Les missionnaires et les colons ont ouvertement dédaigné les communautés autochtones et leur nourriture était souvent leur cible. Dans son écriture de 1946, Brues notait que «l'afflux récent de touristes aux yeux écarquillés et à la gaieté hilarante» dans l'Occident «rendait les Indiens réticents» quant à la pratique de leurs traditions, notamment l'entomophagie. Des tactiques plus brutales et systématiques ont également été utilisées, telles que l'envoi d'enfants dans des pensionnats où ils ont été battus et contraints de se conformer à la loi..
Cela témoigne de la puissance et de l'étendue de ces traditions, à savoir si elles ont survécu, si elles sont sous le radar et à une échelle réduite, dans de nombreuses communautés autochtones jusqu'à la fin du XXe siècle. Les anthropologues n’ont eu aucun mal à trouver des personnes prêtes à leur montrer les méthodes de récolte existantes dans les années 1950, explique Madsen, et des articles de journaux témoignent de la cueillette de chenilles et de sauterelles dans les années 1990. «J'ai entendu plusieurs exemples récents ou récents de petites communautés autochtones rassemblant et partageant des aliments à base d'insectes» à ce jour dans le Grand Bassin, ajoute Gracer..
Quelques comptes rendus suggèrent qu'une entomophagie limitée peut avoir longtemps survécu dans certaines communautés de colons blancs, du moins dans les grandes plaines. Kelly Sturek, de la start-up mangeuse d'insectes basée dans le Nebraska, Bugeater Foods, a entendu des histoires d'enfants mangeant des cigales en train de grandir. Il ajoute que leurs familles ont traité cette situation comme une chose normale et non comme un défi d'enfance démesuré. Si quelque chose, ils ont été réprimandés pour gâcher leurs appétits.

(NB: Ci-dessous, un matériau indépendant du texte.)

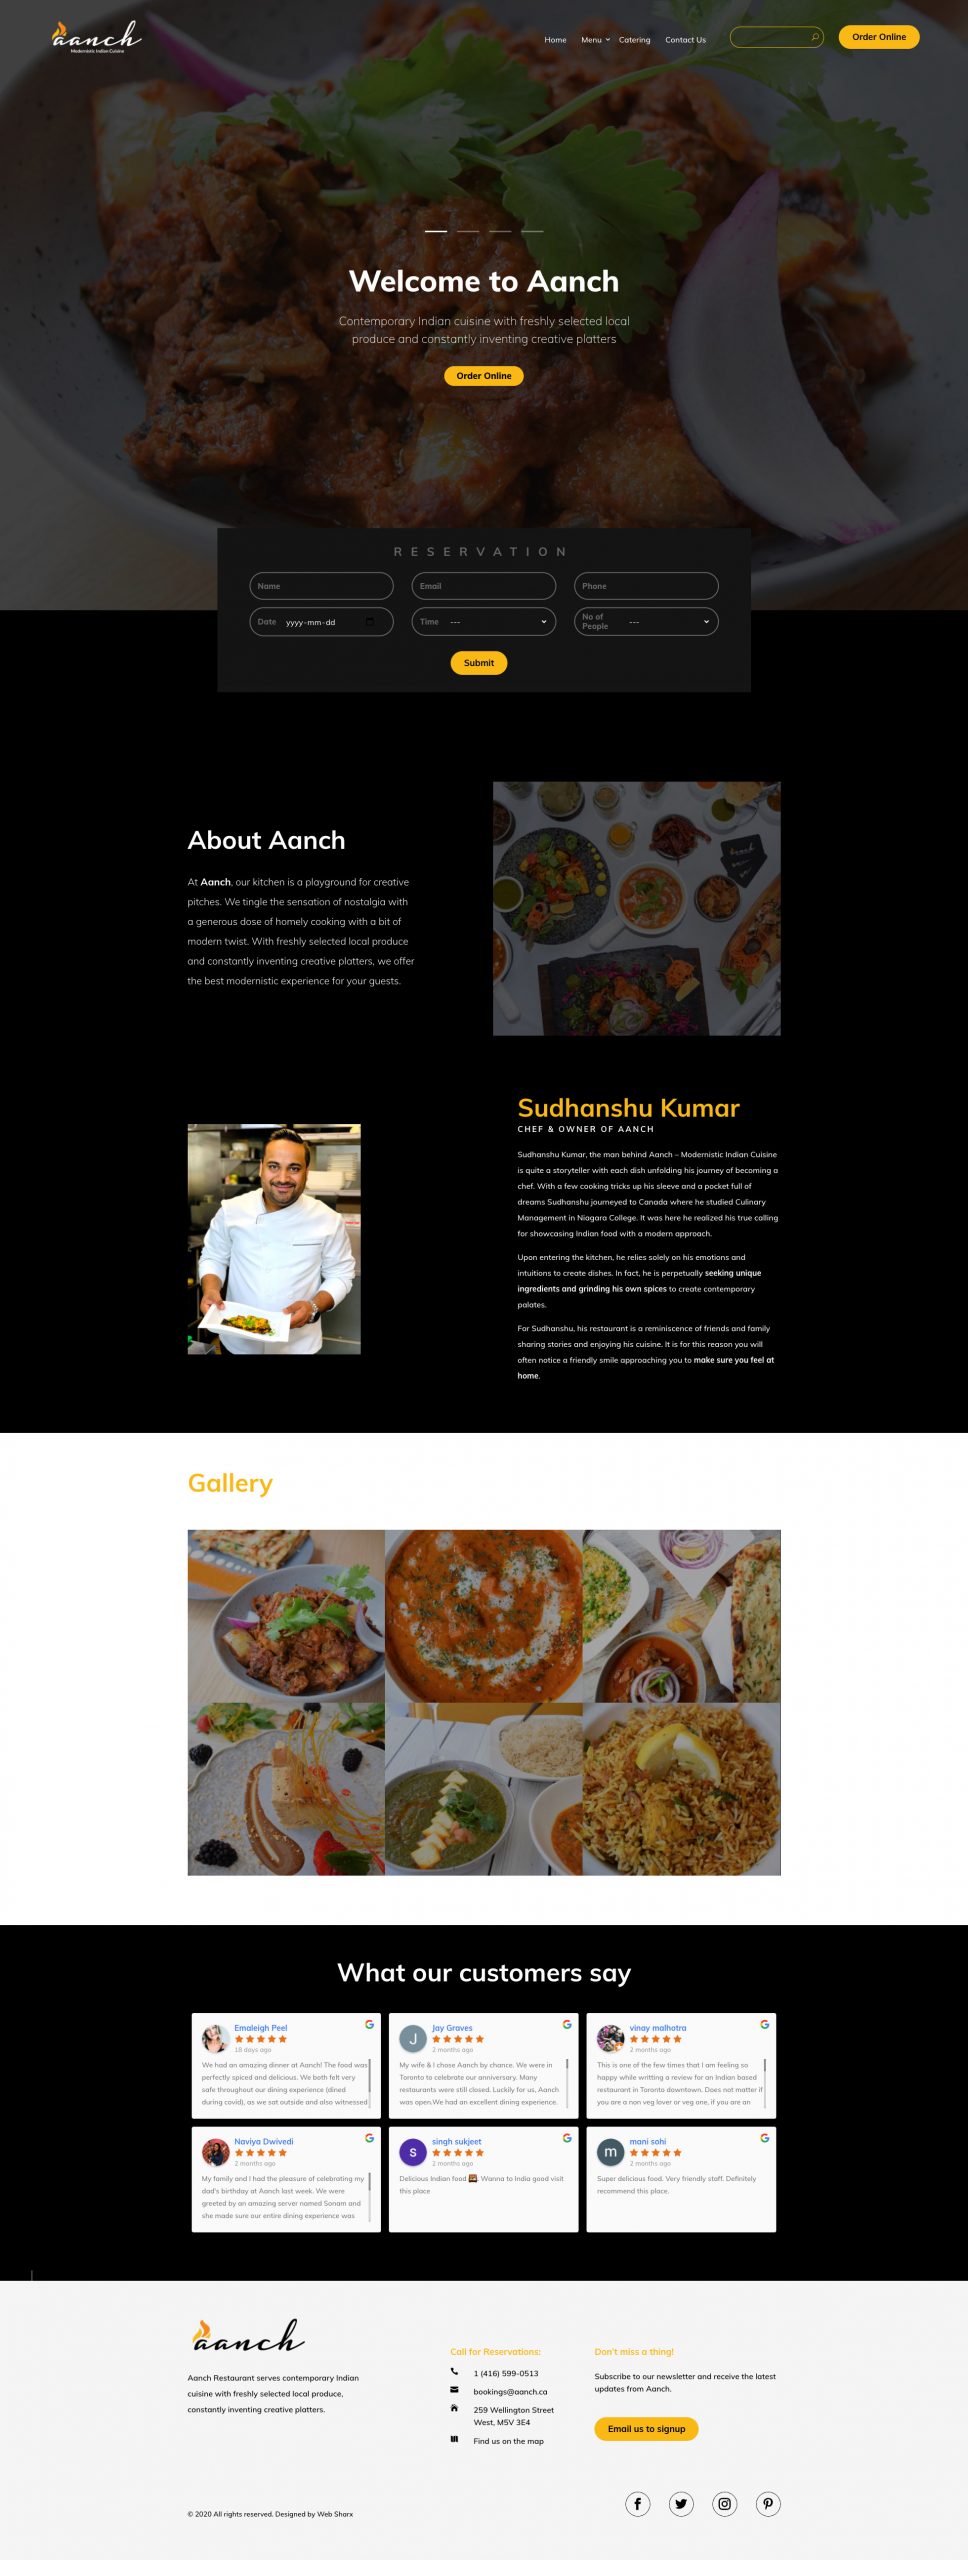 Aanch Restaurant website design

Il n’est pas surprenant que les traditions américaines de consommation d’insectes, vécues ou historiques, soient peu connues. Jenna Jadin, auteur d'un pamphlet sur la consommation de cigales, évoque de manière sélective, voire pas du tout, l'histoire des peuples autochtones. Les peuples autochtones peuvent choisir de ne pas exposer leurs cultures insectivores à cause des stigmates persistants. Pendant ce temps, les Américains ont élaboré un texte explicatif sur l'identité des colons, a déclaré Sturek. «Nous étions des pionniers», explique-t-il. «Nous avons chassé. Nous avons pêché. Nous avons cultivé. Les insectes ne font pas vraiment partie de ça.

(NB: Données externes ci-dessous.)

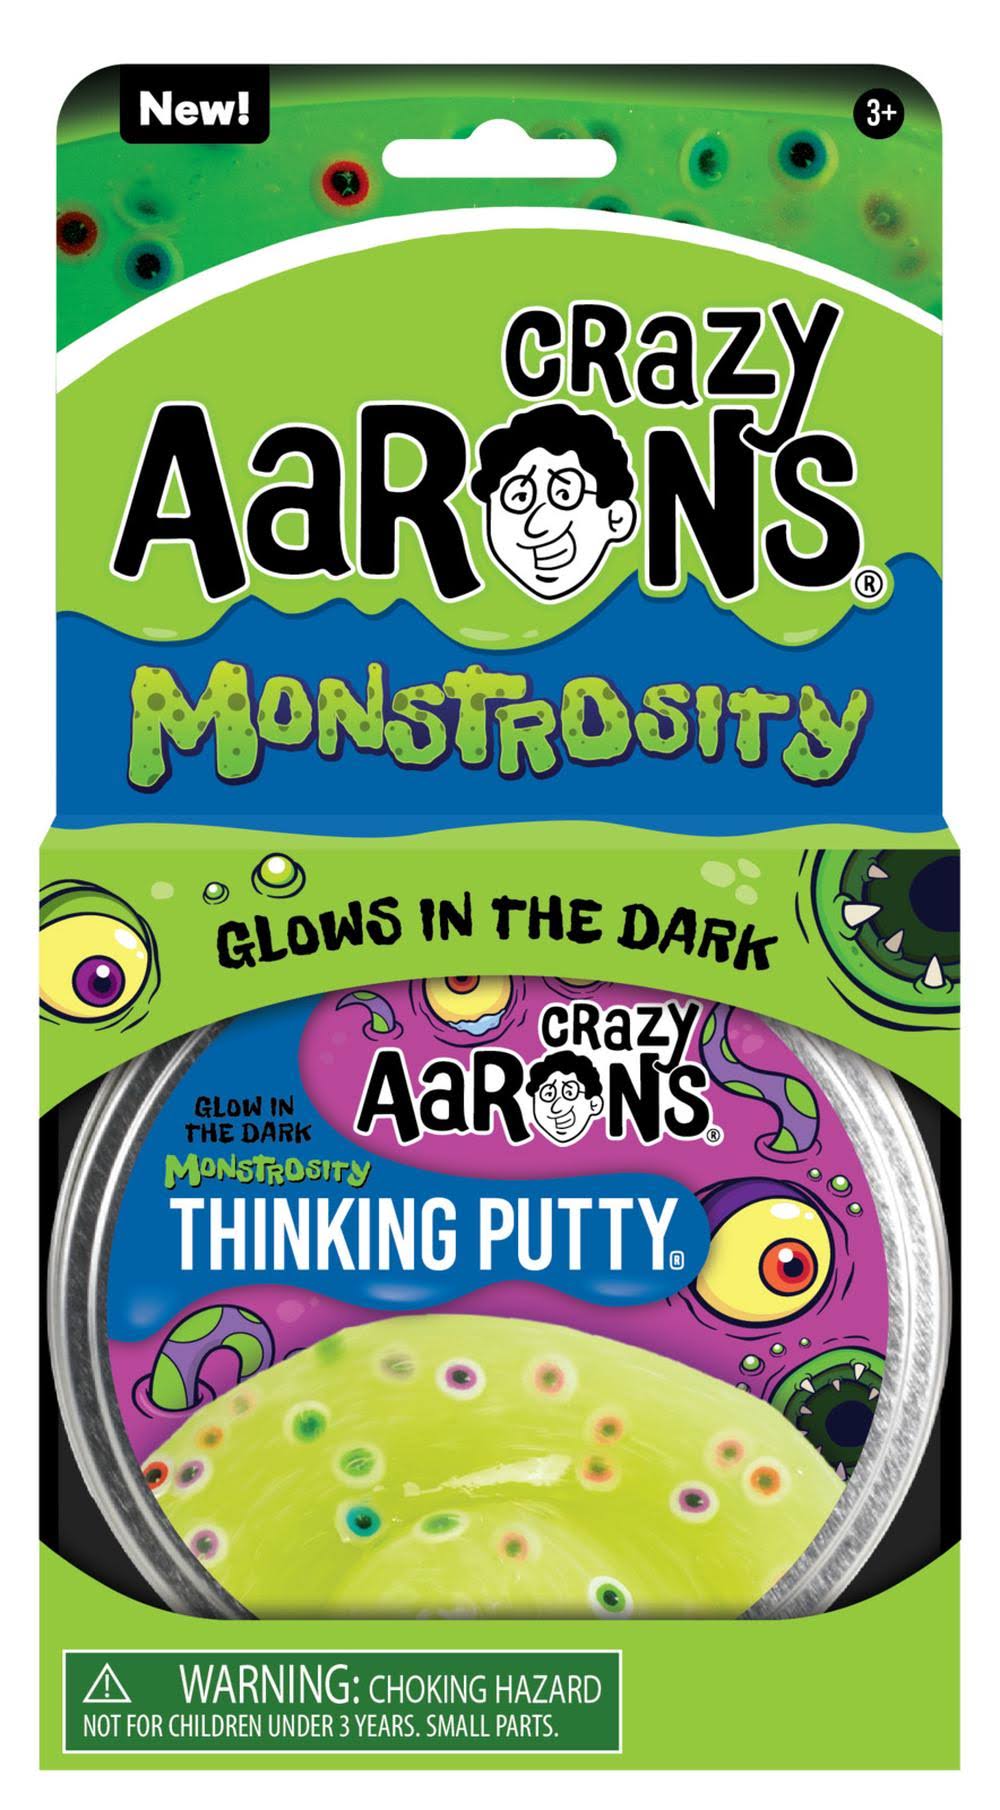 Crazy Aaron's Trendsetters (Monstrosity)

En conséquence, la plupart des Américains découvrent pour la première fois la consommation d’insectes lorsqu’ils voyagent (ou regardent des émissions de voyage sur) l’Asie du Sud-Est, où la consommation d’insectes est dominante. Bien que trouver un corrélat culturel soit généralement un bon moyen de promouvoir des produits apparemment novateurs tels que les barres de sauterelles, la plupart des entopreneurs américains manquent ou passent sous silence cette histoire de pratiques traditionnelles locales.

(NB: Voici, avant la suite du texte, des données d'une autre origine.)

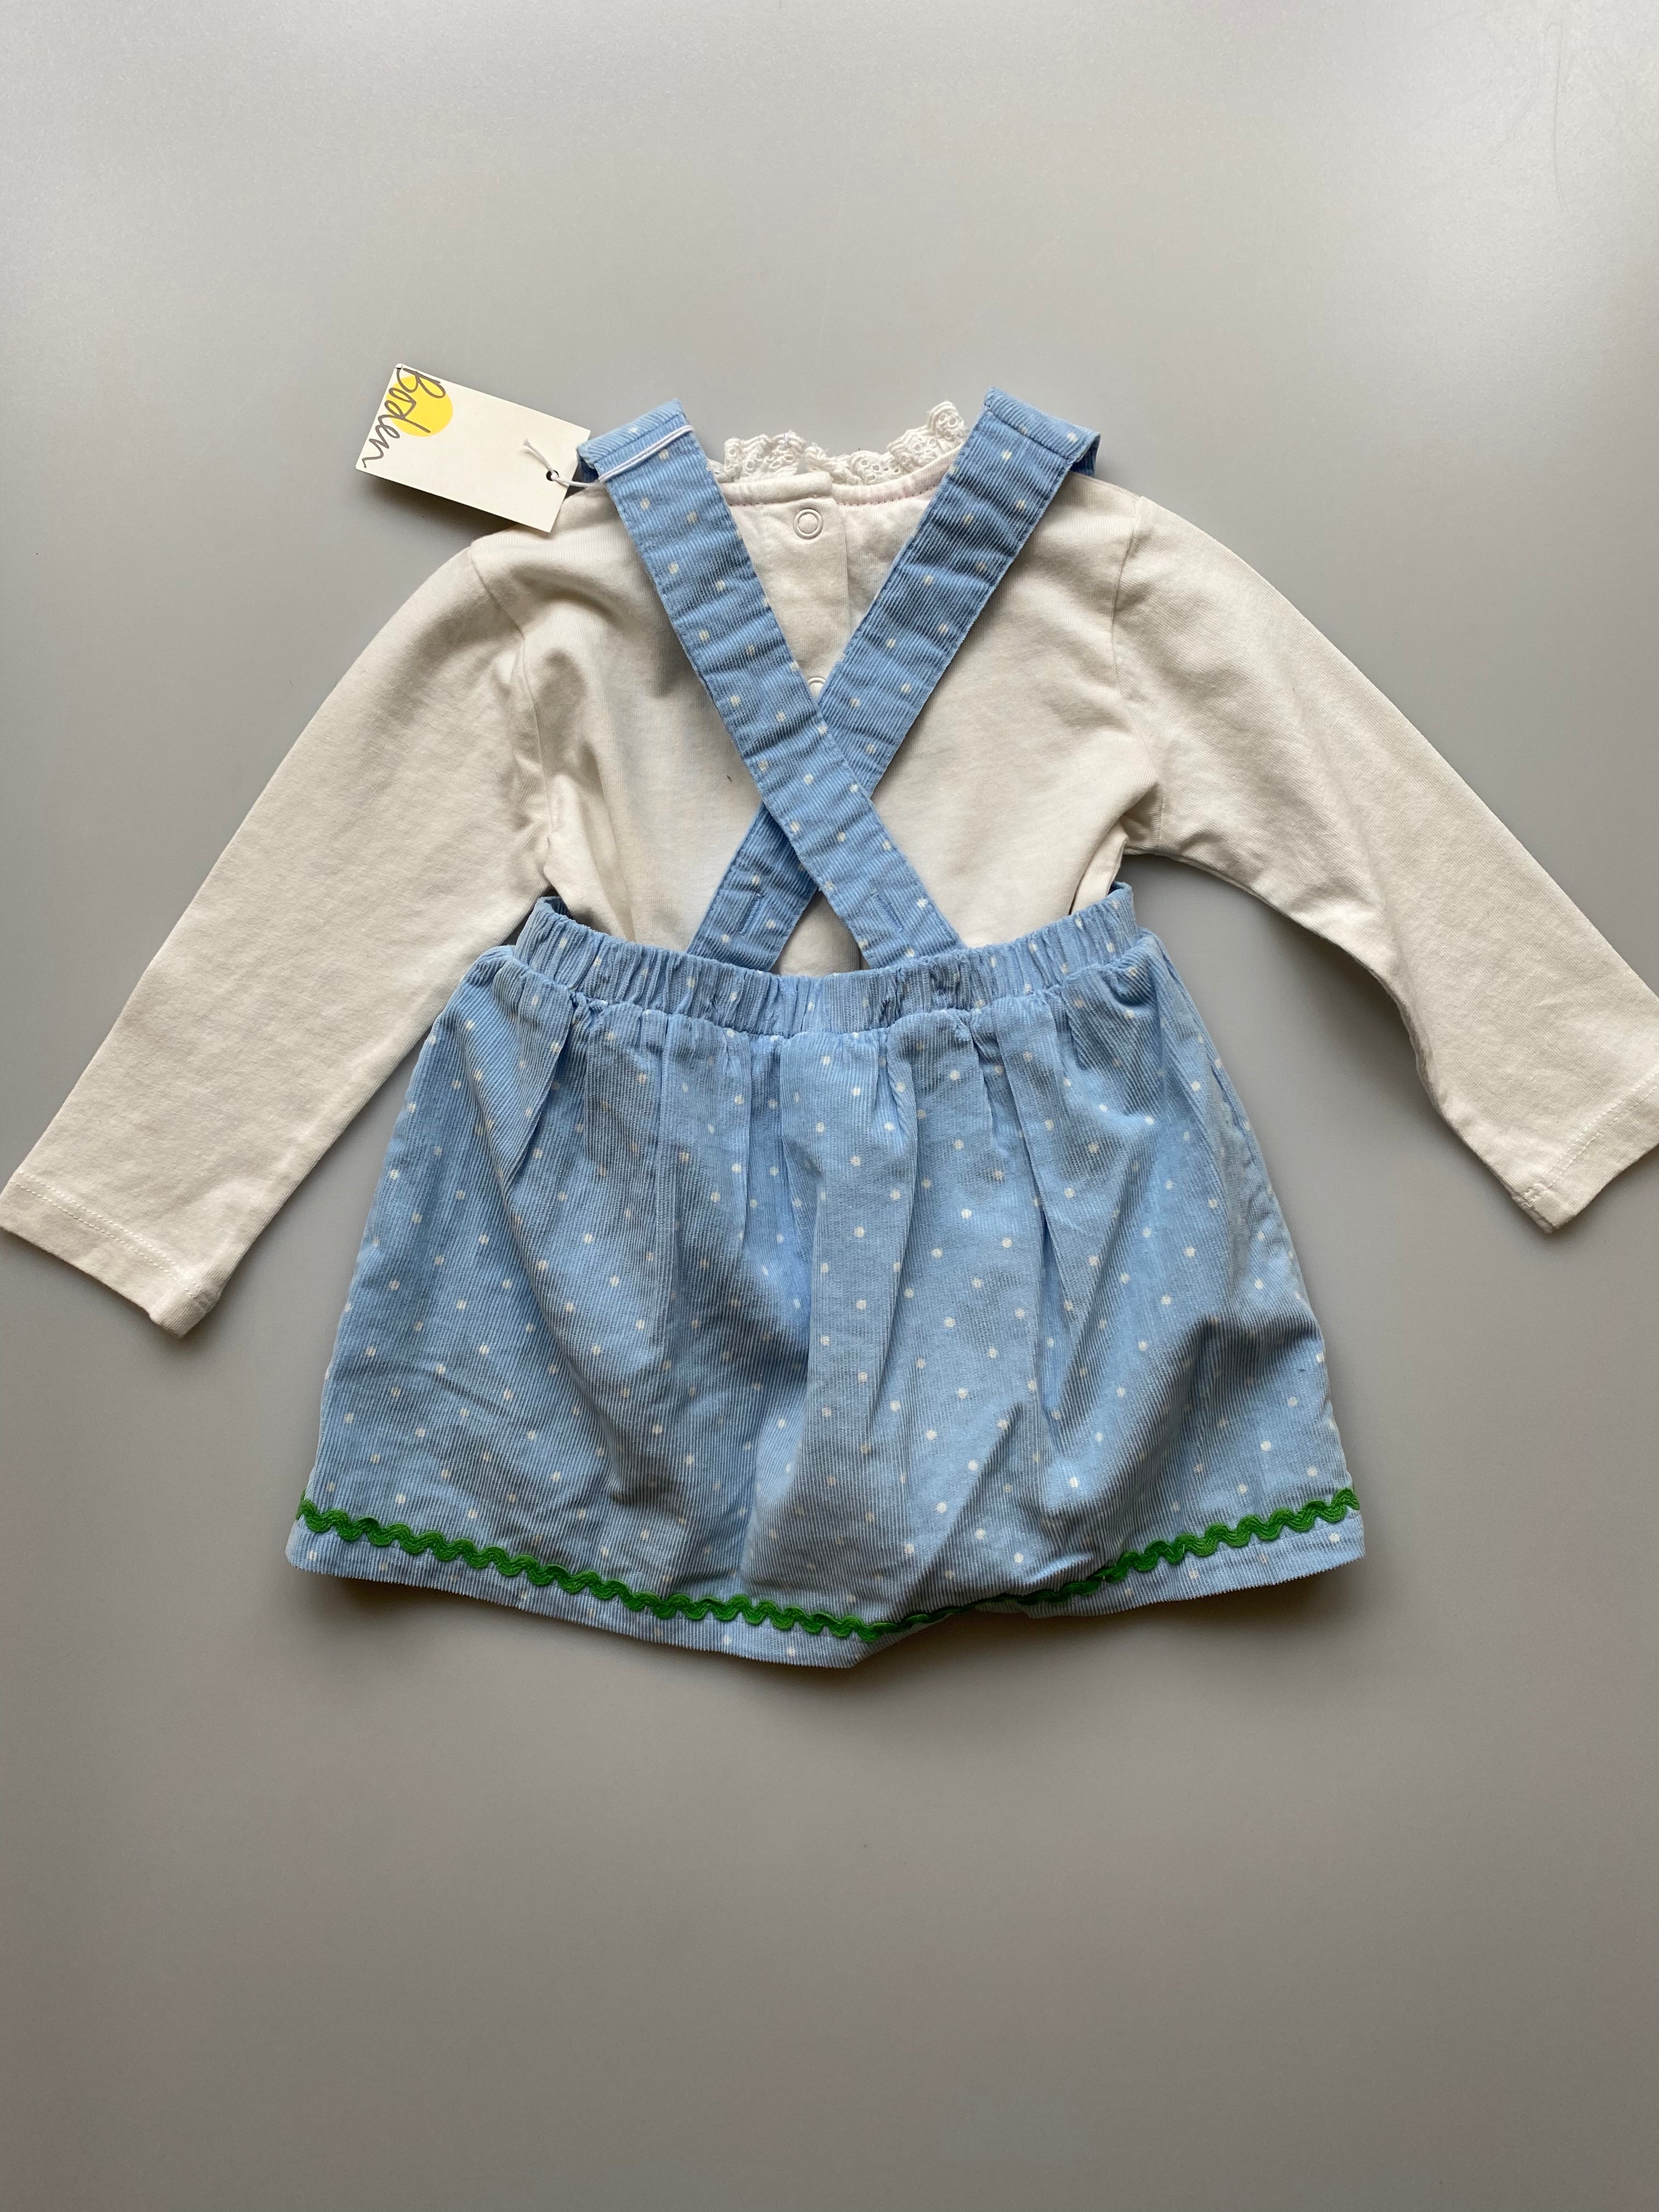 Boden Spring Cord Dress & Vest 3-6 Months

Le nouvel intérêt de l'Occident pour la consommation d'insectes ouvre une opportunité d'explorer un élément de l'histoire américaine longtemps négligé. Mieux encore, c'est une chance d'offrir à ceux qui ont un intérêt historique dans l'entomophagie américaine la possibilité d'influencer le développement de l'industrie et peut-être de tirer parti de la renaissance de pratiques culturelles qui les avaient autrefois dénigrées. En omettant plutôt d'explorer les traditions américaines de consommation d'insectes, indigènes ou autres, la tendance actuelle efface et marginalise implicitement encore cette histoire..
Gastro Obscura couvre la nourriture et les boissons les plus merveilleuses du monde.
Inscrivez-vous pour recevoir notre courrier électronique, livré deux fois par semaine.